De Luca shifts his weight from foot to foot, the reality of the situation contradicting every procedure and rule he knows. “I can’t just let you all go. I can’t just wait to see what happens.”
“You have to.” Jules’s voice is quiet. He’s been quiet since he agreed to do the Addison speech reprise. If De Luca lets us out, we might be able to stop Atlanta and then broadcast the video afterward—the rest of the world has a couple of days, but Prague has hours at best. Jules isn’t off the hook yet. He’ll still have to stand exactly where his father did.
Suddenly, an idea hits me with all the force of a freight train. “You know what you can do?” I interject, talking over the start of De Luca’s reply to Jules. “Put out a statement of support. Tell the world that the IA has changed its stance on the warnings of Dr. Addison. Tell them to listen to his supporters online, and to pay attention to what we’re asking of them, and—and most of all? Tell them to bloody well listen to his son when he goes live after we’ve stopped Atlanta.”
De Luca takes a step back, boot heel thudding against the wall at his back. His gaze flickers between me and Jules, every nuance of his body language screaming discomfort. His jaw tightens, and for a moment I think I’ve blown it—that he’ll lock us up after all, just out of petty vengeance and embarrassment.
But then he lifts a hand and raps on the door at his side. A few moments later, the soldier outside opens it.
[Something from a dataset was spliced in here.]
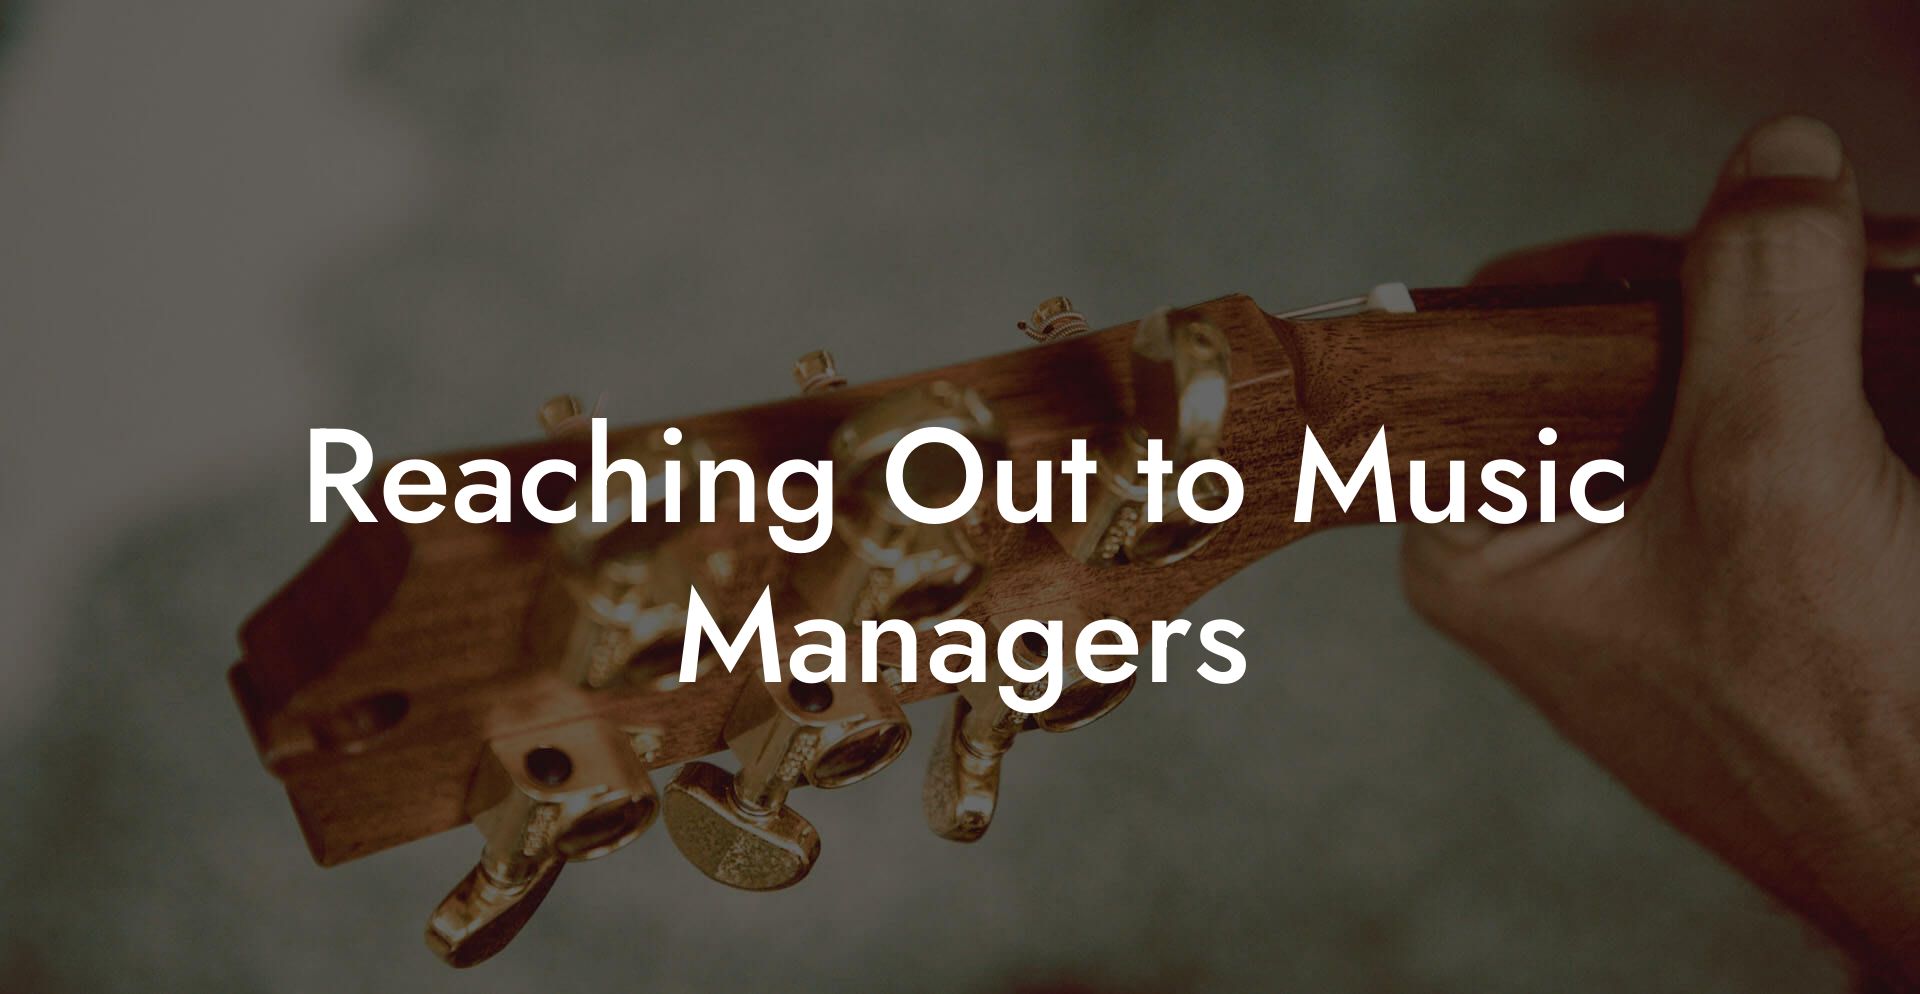 Reaching Out to Music Managers

De Luca steps through and then holds the door out with one arm, eyeing the four of us. “I will.”
I exhale, some of my tension draining away, and sneak a glance back at Jules. He’s watching me, stunned, and when we all move toward the cell door, he steps close to me and whispers, “Thank you.”
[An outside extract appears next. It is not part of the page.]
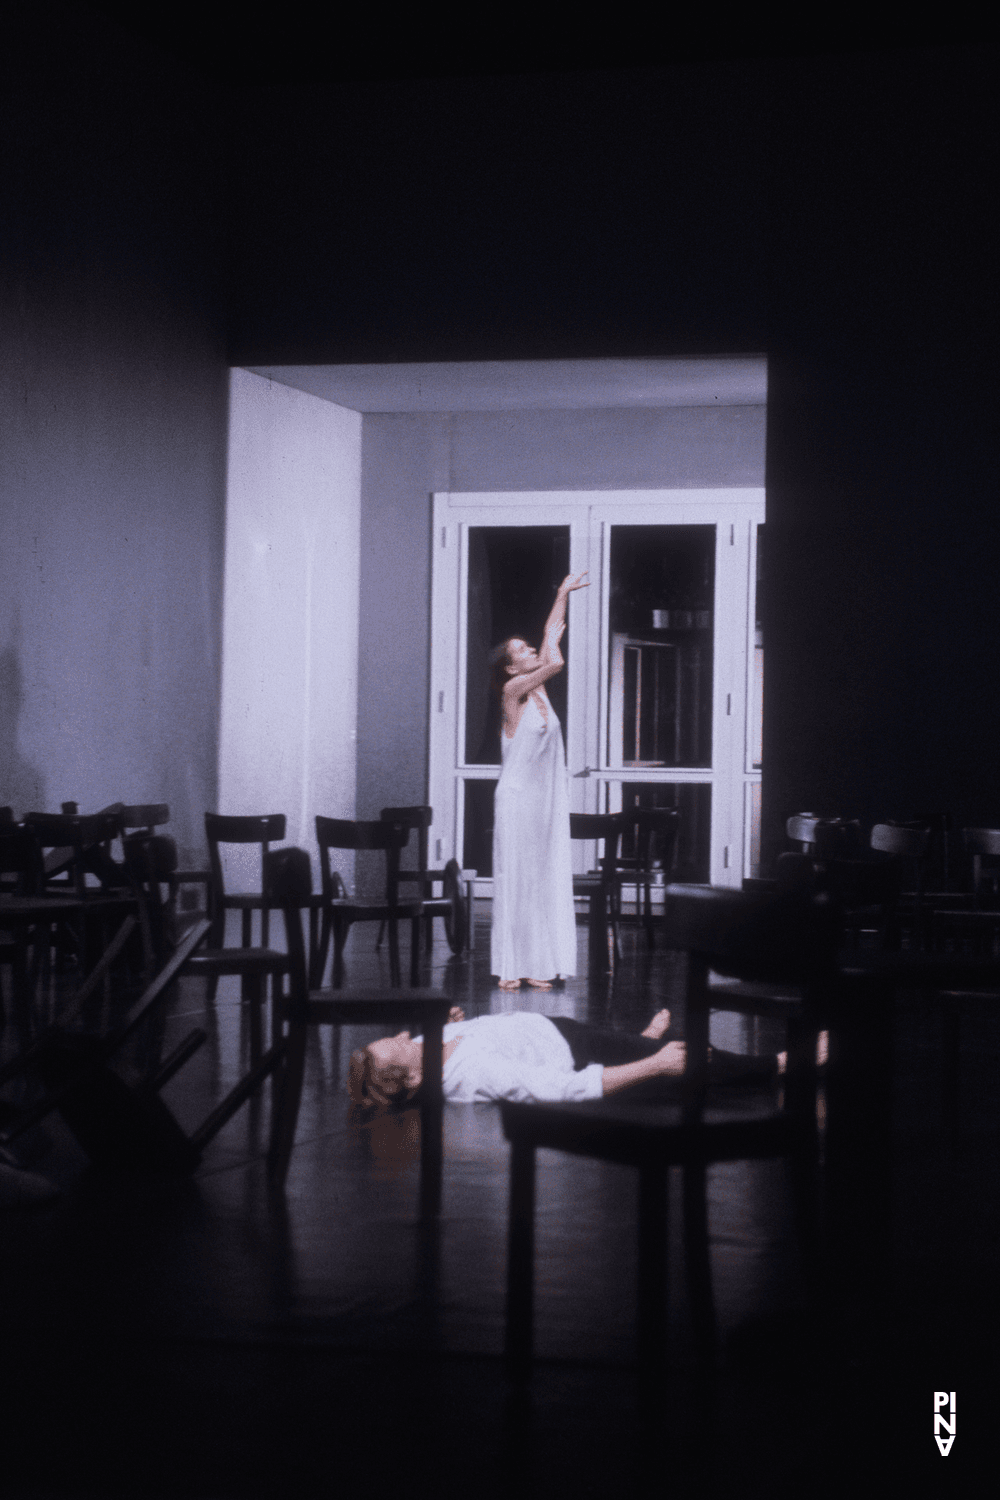 Dominique Mercy and Pina Bausch in “Café Müller” by Pina Bausch

De Luca clears his throat, a gesture of hesitation that he’s clearly unused to. “I’ll send backup as soon as I can. Where do you think this Atlanta will be?”
“In the old waterways below the city,” Dex replies, with utter certainty.
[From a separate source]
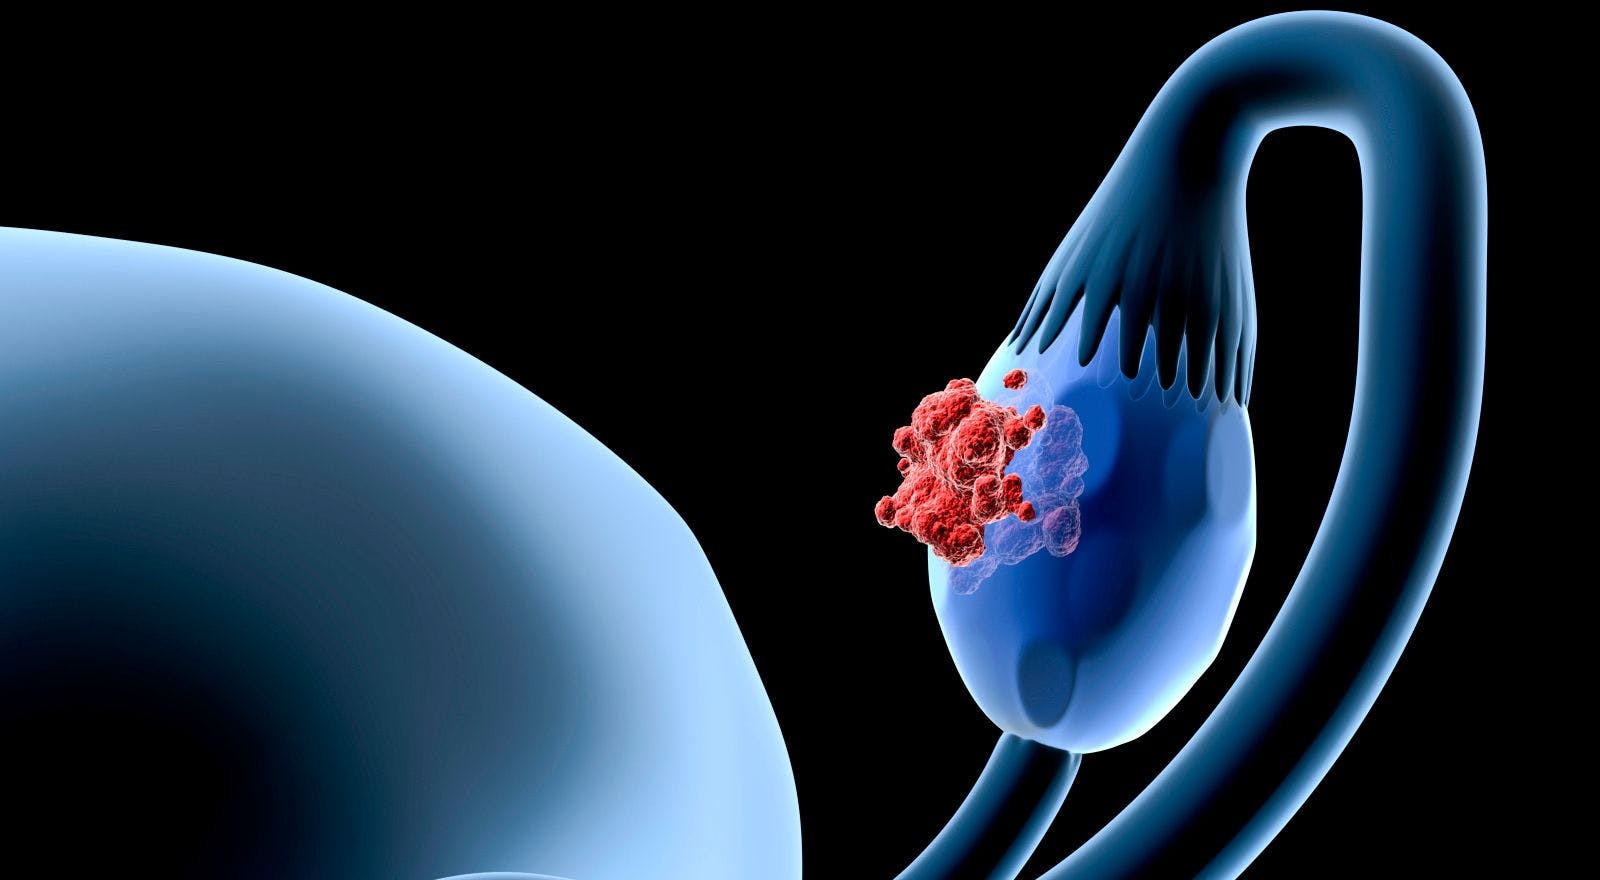 Chemotherapy "Bath" Warms Up Chances of Ovarian Cancer Survival

“I’m in the uncomfortable position of realizing nobody’s going to believe me any more than I believed you. I’m not sure how quickly I’d be able to get an official force together. But if I can’t help you, I think I know someone who can.”
The underground of Prague is … not what I expected. I’m not sure what I was picturing—something like a sewer system in an American city, or tiny dirty tunnels—but instead it’s like there’s an entire second city below the streets of Prague.
Getting in was easy enough. Getting here was hard. I would have thought running from the police would be far less terrifying than hiding away on an alien spaceship. Instead, every second of our trip through the city was torture. Once we were out on the street again, every siren, every shout, every car that turned unexpectedly or pedestrian who happened to walk our way made mecertain we were about to be attacked, either by the Undying or by IA forces who didn’t know De Luca had changed his mind.
A shriek as we passed a street vendor drew out a tiny, answering yelp from my throat as I whirled around—but the sound came from a child being handed an ice cream cone. With the torrent of pulse-pounding anxiety flooding my system I couldn’t tell the difference between delight and terror.
Once we reached our destination, though, it turned out there were Prague underground tours offered all around the city, and tagging along the end of one—and slipping away at the first opportunity—was child’s play.
Now, as we emerge from a brick-lined tunnel into a vast underground courtyard with vaulted ceilings and intricate stonework, I can’t help but stop short, my mouth open as I stare.